BUJUMBURA, Burundi -- For the capital of a country just years removed civil war, this steamy lakeside city is surprisingly cosmopolitan. Though Burundi, according to IMF statistics, has the lowest per capita GDP in the world, no one would guess from Bujumbura's celebrated nightclubs or its colonial era Art Deco buildings. In the hills that rise from the plain of the city center, shantytowns have been razed to make room for McMansion-style houses, reflecting a growing middle class that's also on display at the city's lakeside. There, on a recent Sunday, throngs of urban Burundians, ex-pats and international travelers lounged at French-accented bars along the white sand of Lake Tanganyika -- touted as the finest inland beach in Africa.
But while the beach atmosphere did not show it, this city famed for its joie de vivre is currently on edge.
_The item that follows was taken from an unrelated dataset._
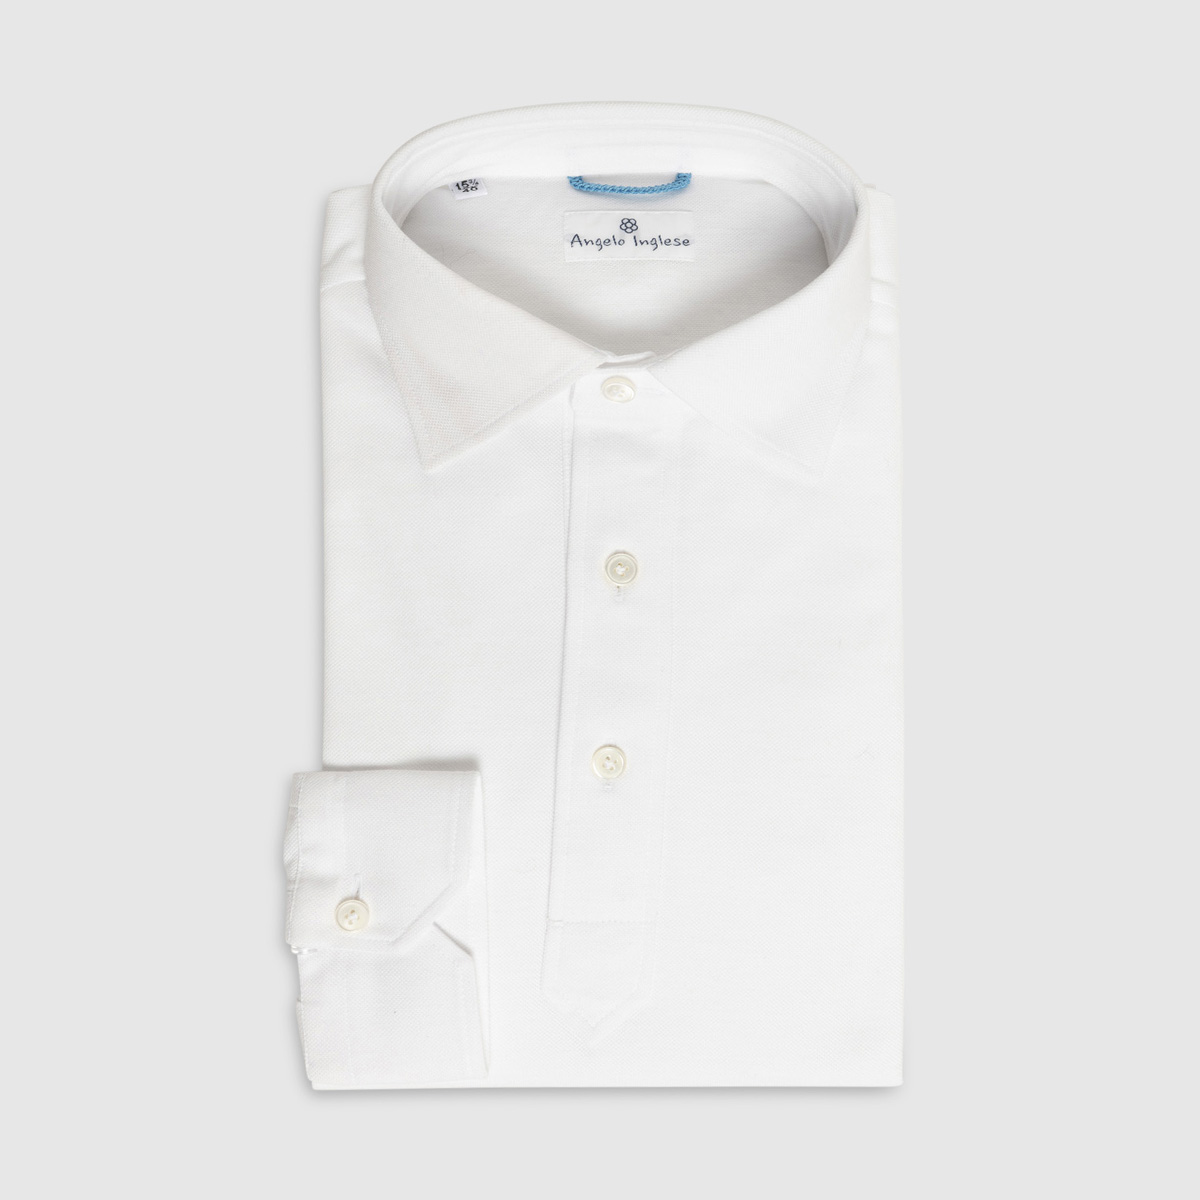 JFK Polo Shirt in White Piquet Cotton
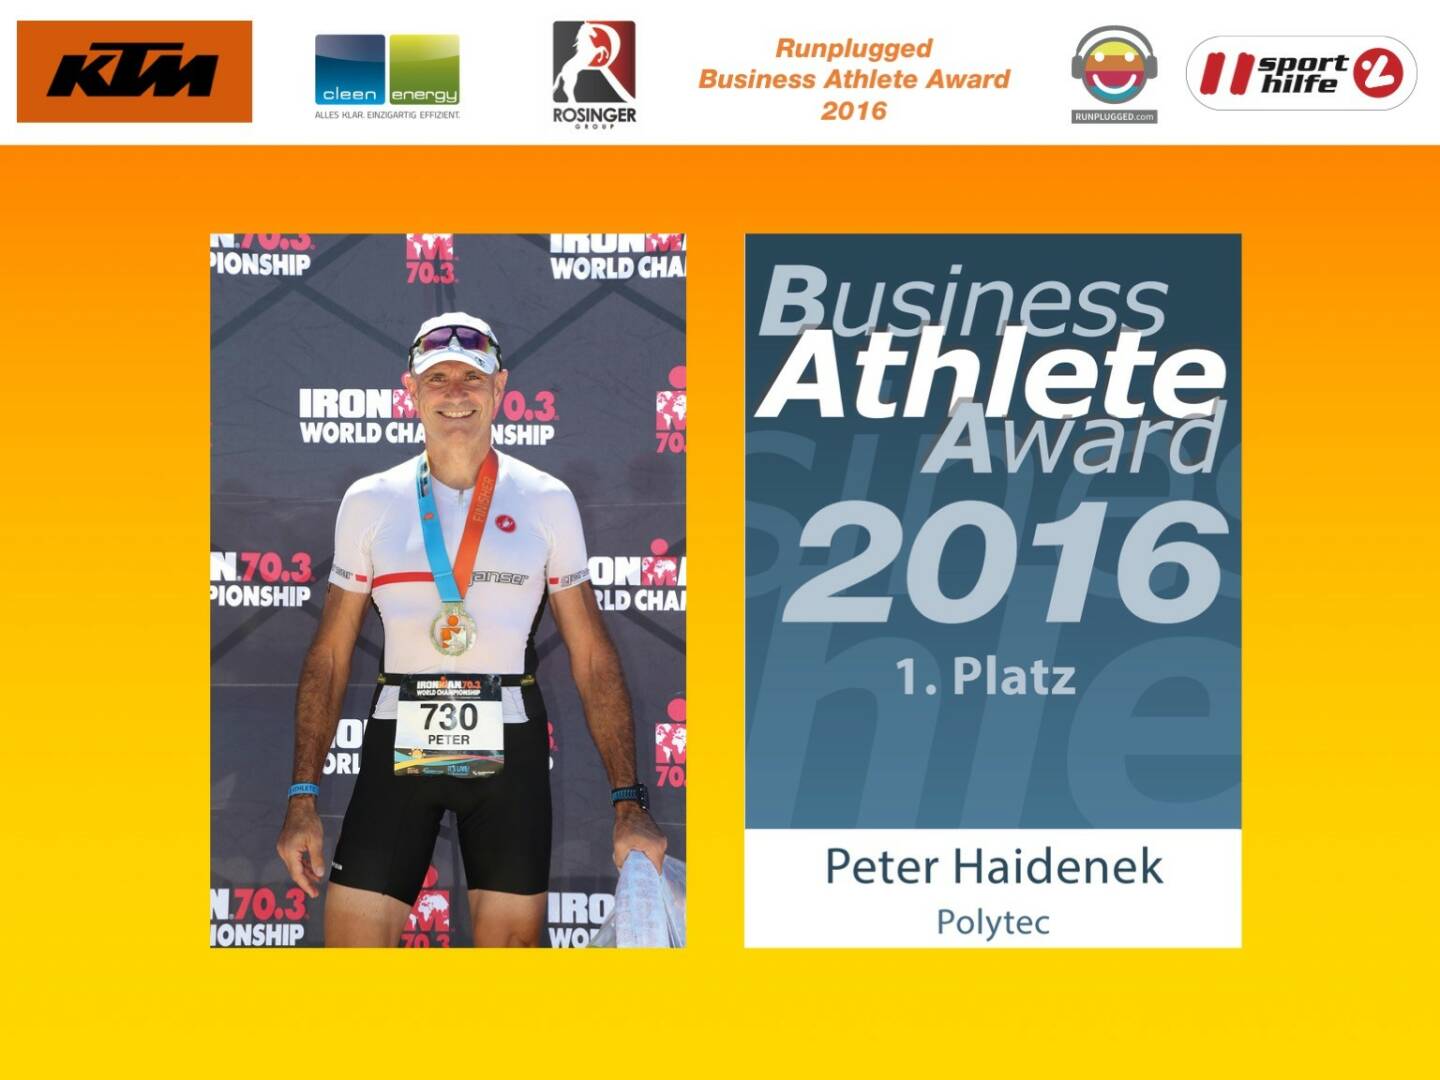 Business Athelete Award 2016 - Rang 1 Peter Haidenek

On Monday, Burundians will go to the polls for the country's first direct presidential election since its decade-long ethnic conflict ended in 2003. Until recently, Monday's vote -- which falls between district elections held in May and parliamentary elections in July -- had been touted as a symbol of both Burundi's hard-earned peace and its promise as a model for African democracy. On May 10, Charles Petrie, an executive representative to U.N. Secretary-General Ban Ki-moon, told the U.N. Security Council, "We believe that successful and peaceful elections in Burundi would raise the bar and set the true standards for remarkable progress in the rest of the broader region."